Kaelen fought with a savagery he hadn't known he possessed. He wasn't fighting for honor or vengeance anymore—he was fighting for the only piece of his soul that was still tethered to the living world. He kicked a table upward, sending splinters and glass into the faces of two approaching soldiers, then drove the pommel of his sword into the visor of a third.

The Smith didn't stay idle. He grabbed a massive iron poker from the hearth and swung it with the strength of a man who spent his days at the anvil, cracking the helmet of a guard who tried to flank Kaelen.

"Go, Commander!" the Smith roared, his face red with effort. "The back cellar! There’s a tunnel to the docks!"

Kaelen didn't hesitate. He dived over the bar, shields and spears clattering against the wood behind him. He found the trapdoor, kicking it open and descending into the damp, salt-stinking darkness of the lower foundations.

Behind him, he heard Vane’s voice, cold and echoing down the hole. "Kill the blacksmith. And find that boy. If Kaelen Thorne wants to play the hero, we’ll make sure he watches the palace burn with his son inside it."

Kaelen ran. The tunnel was narrow, slick with moss and the filth of the Sunken District. He could hear the heavy thud of boots following him, the clank of armor getting closer. Caelum was silent now, his small hands clutching Kaelen’s cloak so hard his knuckles were white.

They reached the end of the tunnel—a rusted iron grate that overlooked the dark, churning waters of the Oakhaven river. Beyond the water lay the jagged cliffs of the West Coast, and beyond that, the only sanctuary Kaelen knew.

He gripped the bars of the grate, his muscles straining as he ripped the metal from the stone. The cold night air hit them, carrying the scent of salt and the distant, mocking sound of the palace bells.

Kaelen stepped out onto a narrow wooden pier. A small skiff was tied there, bobbing violently in the wake of a passing patrol boat. He tossed Caelum into the boat, following closely behind and severing the rope with a flick of his dagger.
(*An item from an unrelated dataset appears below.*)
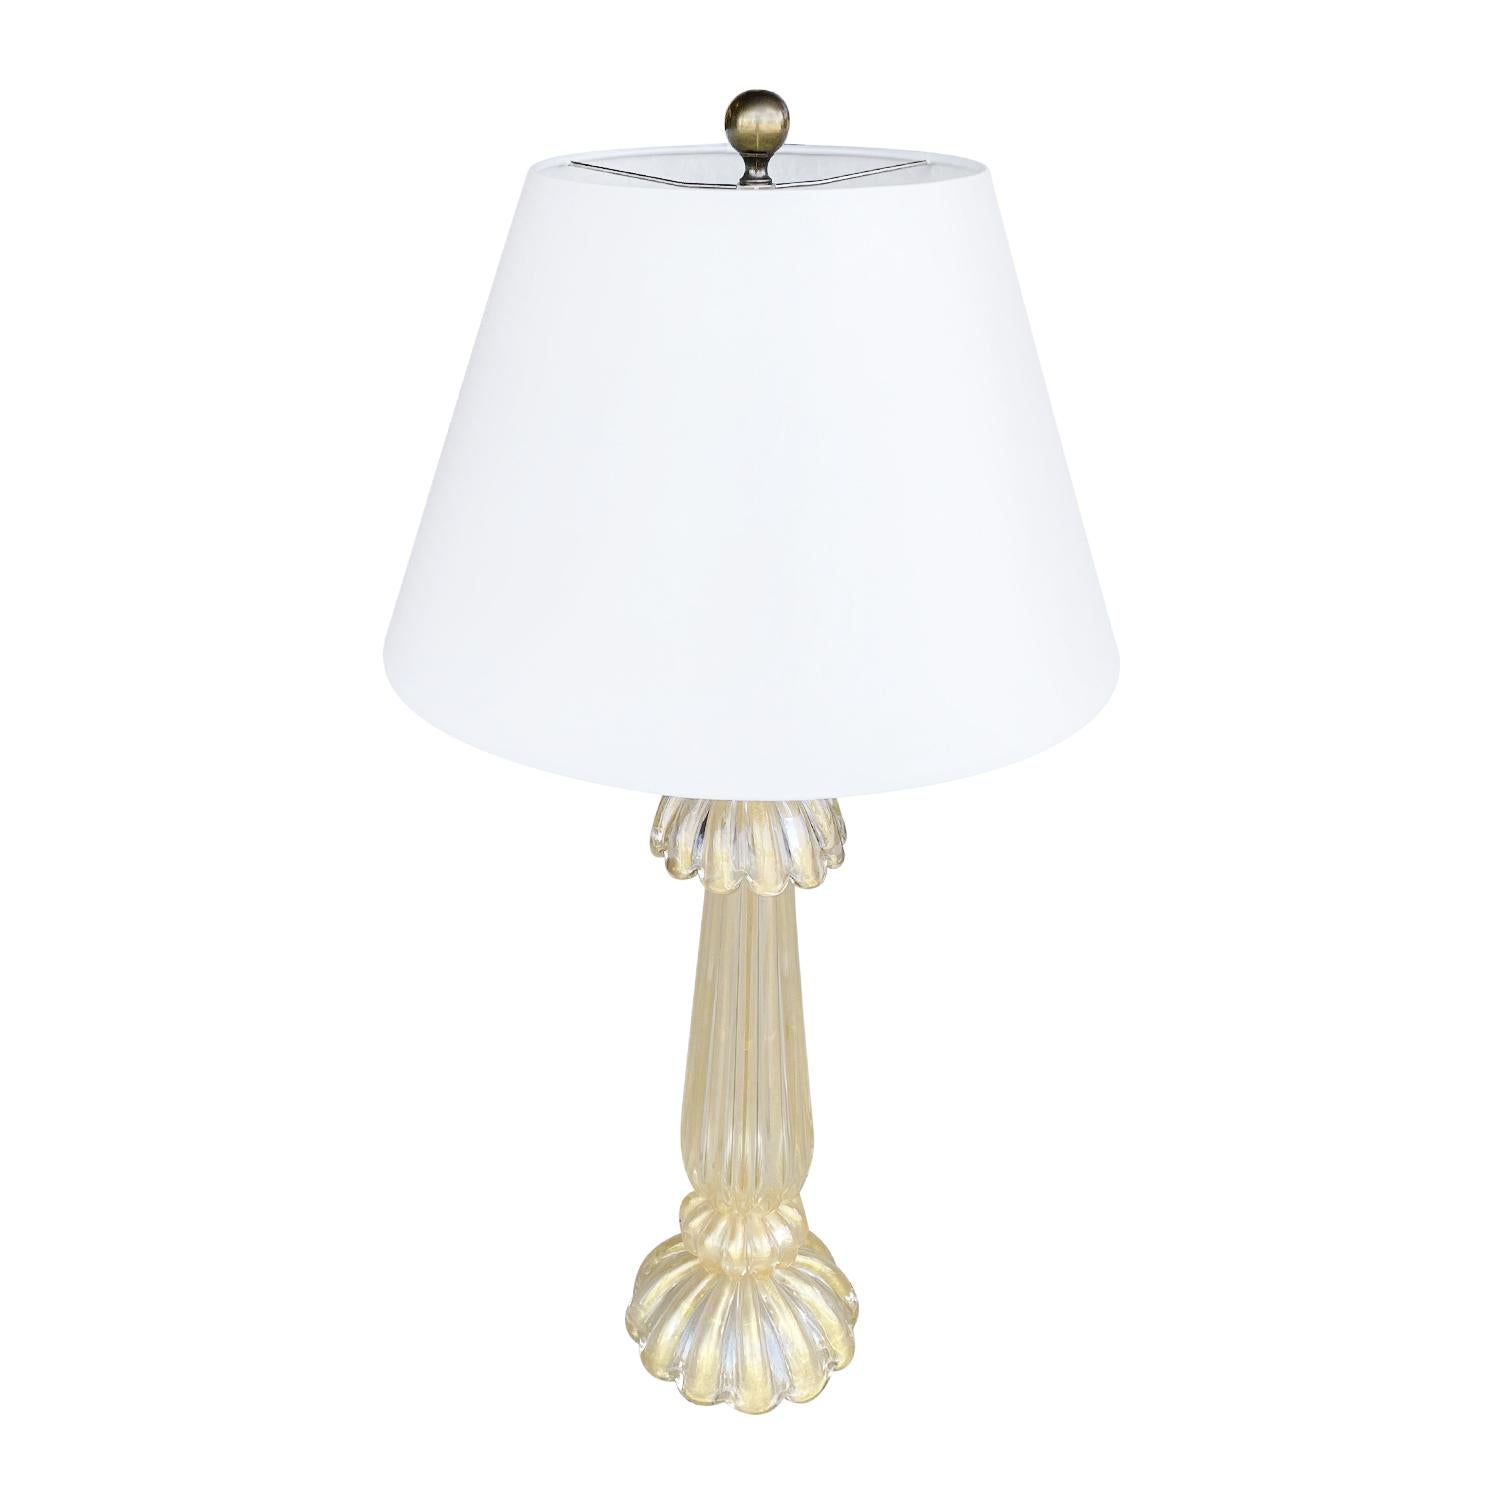 vintage frosted glass table lamp

"Who are you?" the boy whispered, his voice trembling as he looked up at the man covered in blood and shadow.

Kaelen paused, the oars in his hands. He looked at the boy’s violet eyes—his eyes. He wanted to say I'm your father. He wanted to say I’m sorry.
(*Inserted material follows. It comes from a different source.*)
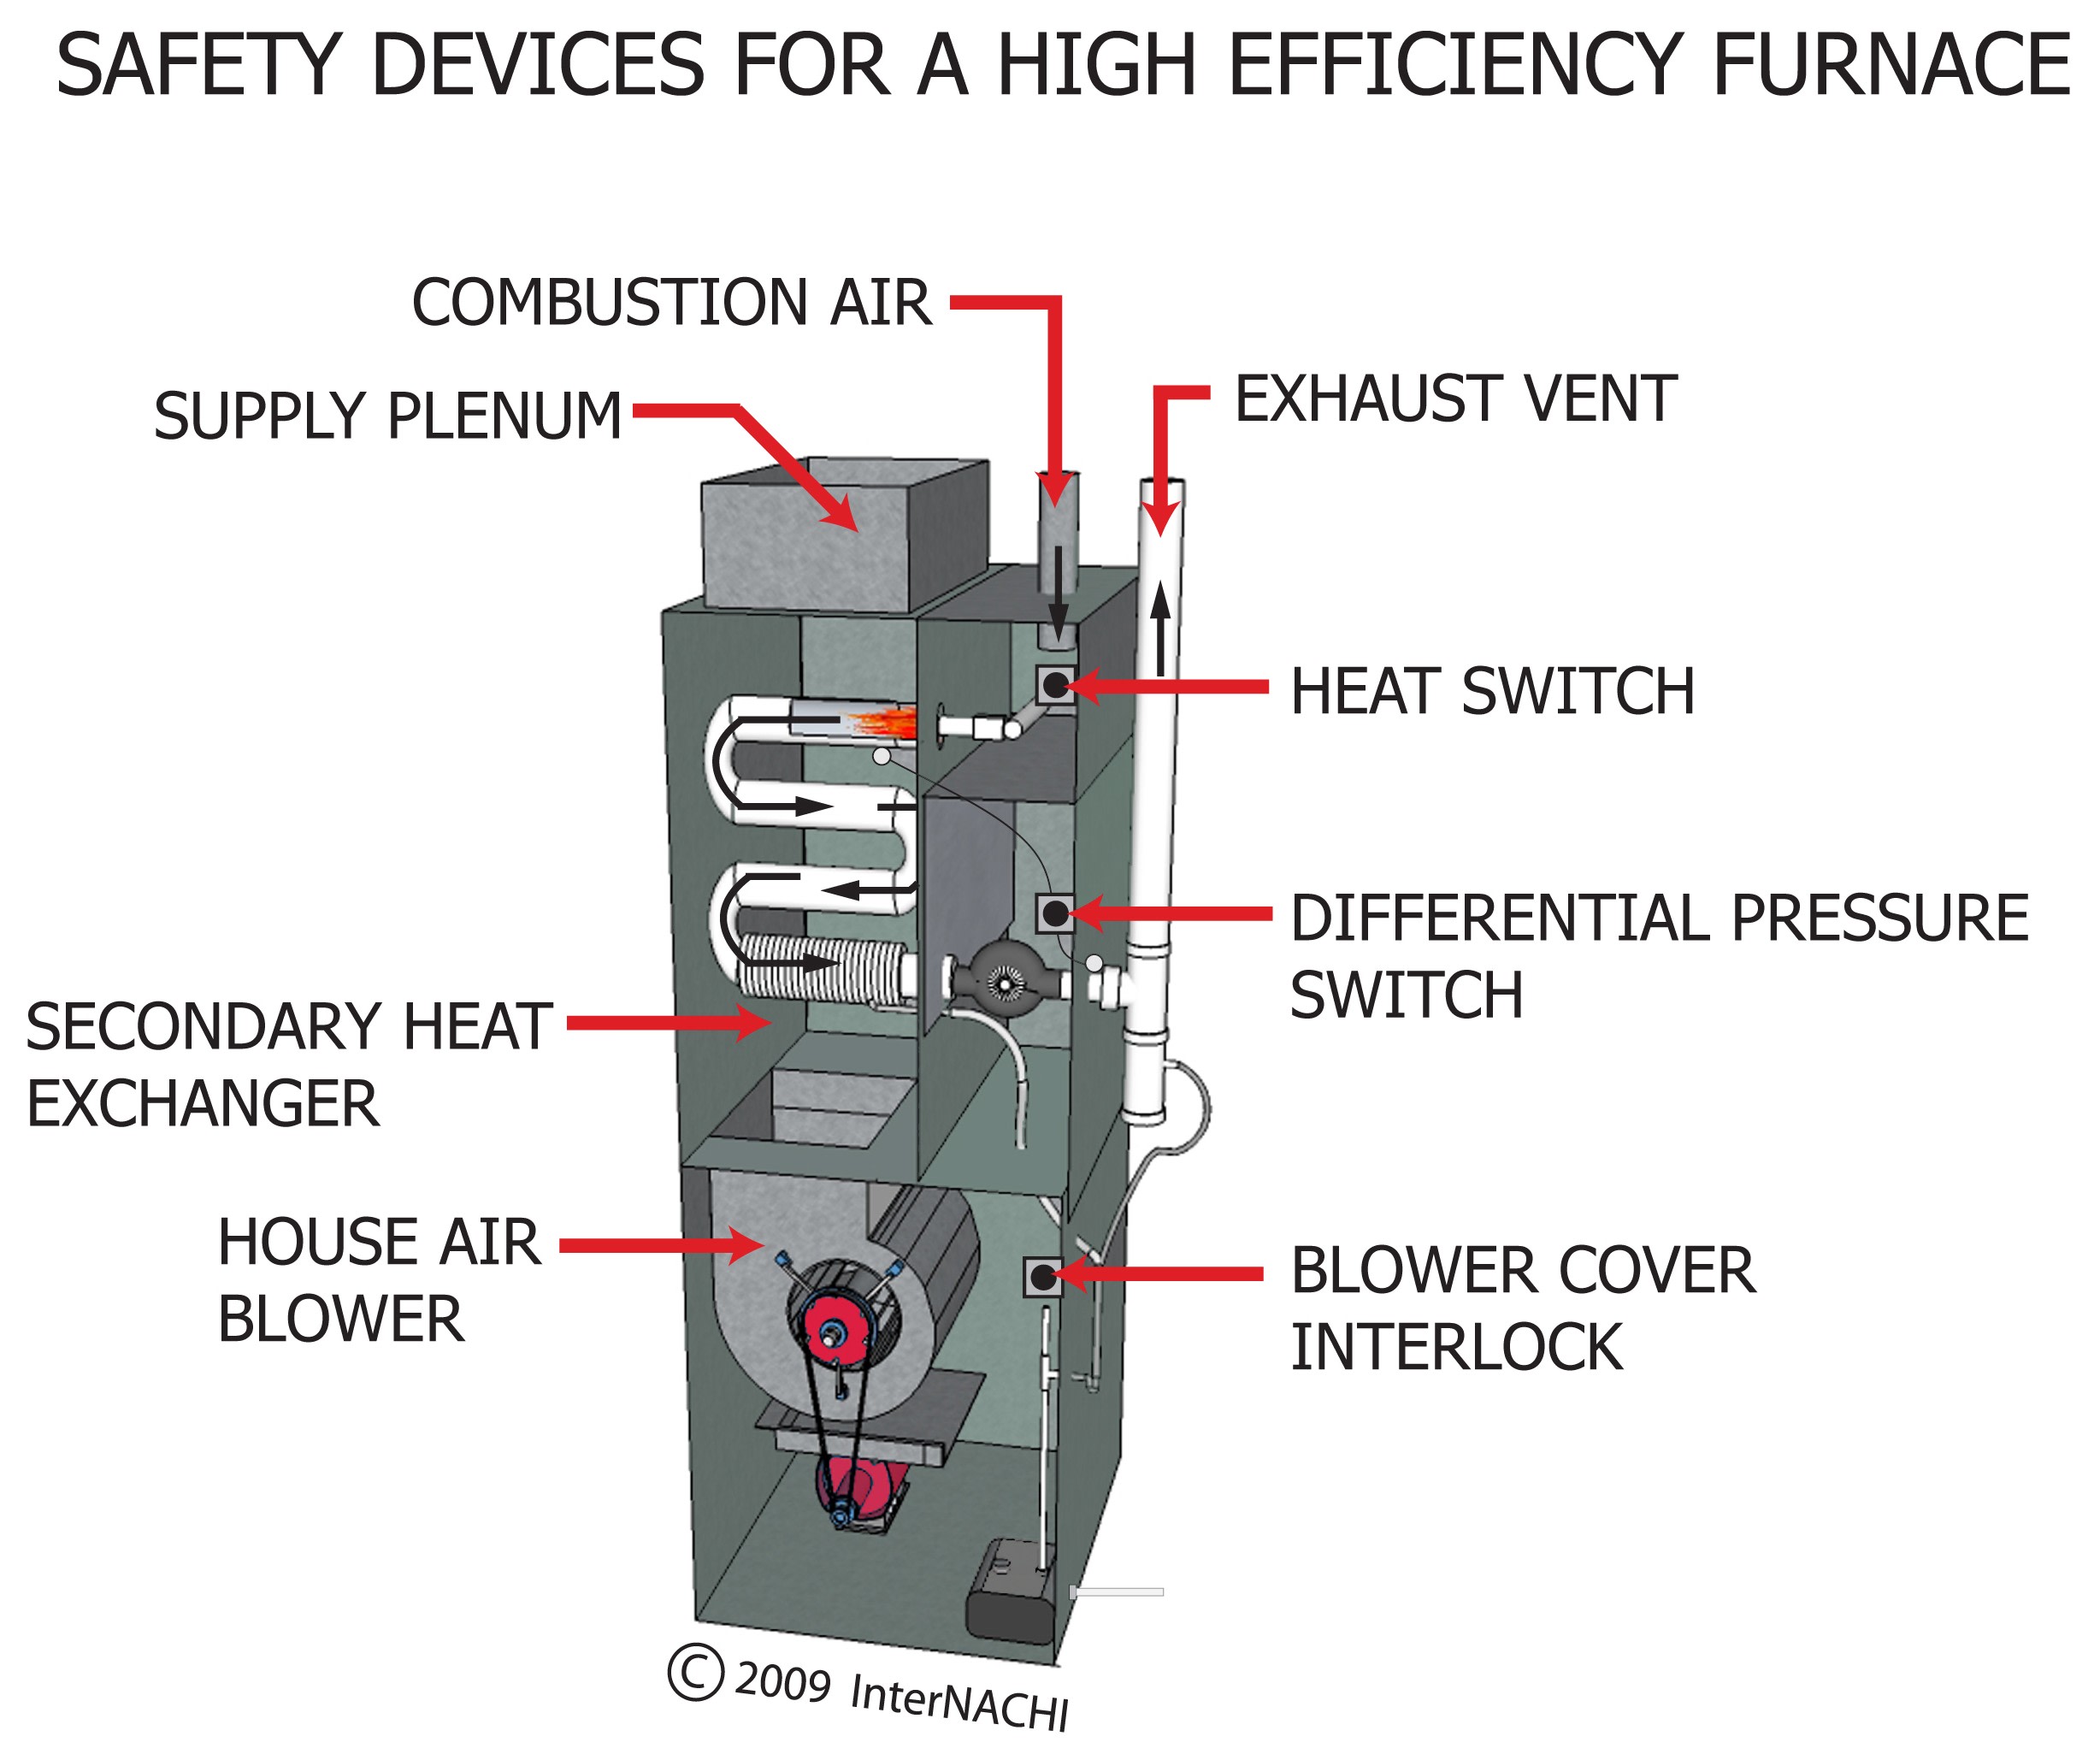 Safety devices for a high-efficiency furnace.

Instead, he looked toward the palace, where a single beam of dark, necrotic light was suddenly shooting into the sky from the North Tower. The ritual had begun. Even without the boy, they were forcing the Tithe.

"I'm the man who’s going to keep you alive," Kaelen said, his voice cracking.

Just as he pushed off into the current, a figure landed on the pier with a heavy thud. It wasn't a guard. It was Lyra. She was covered in soot, her Shadow Guard uniform torn, and she was holding a leather satchel that hummed with a sickly green light.

"They're not using a person for the binding anymore, Kaelen!" she screamed over the wind. "Vane lied! The boy was never the vessel—he was the key! The Tithe is already paid!"

As she spoke, the water around the skiff began to boil. Huge, pale shapes began to rise from the depths of the river—ancient, skeletal things draped in rotting silk.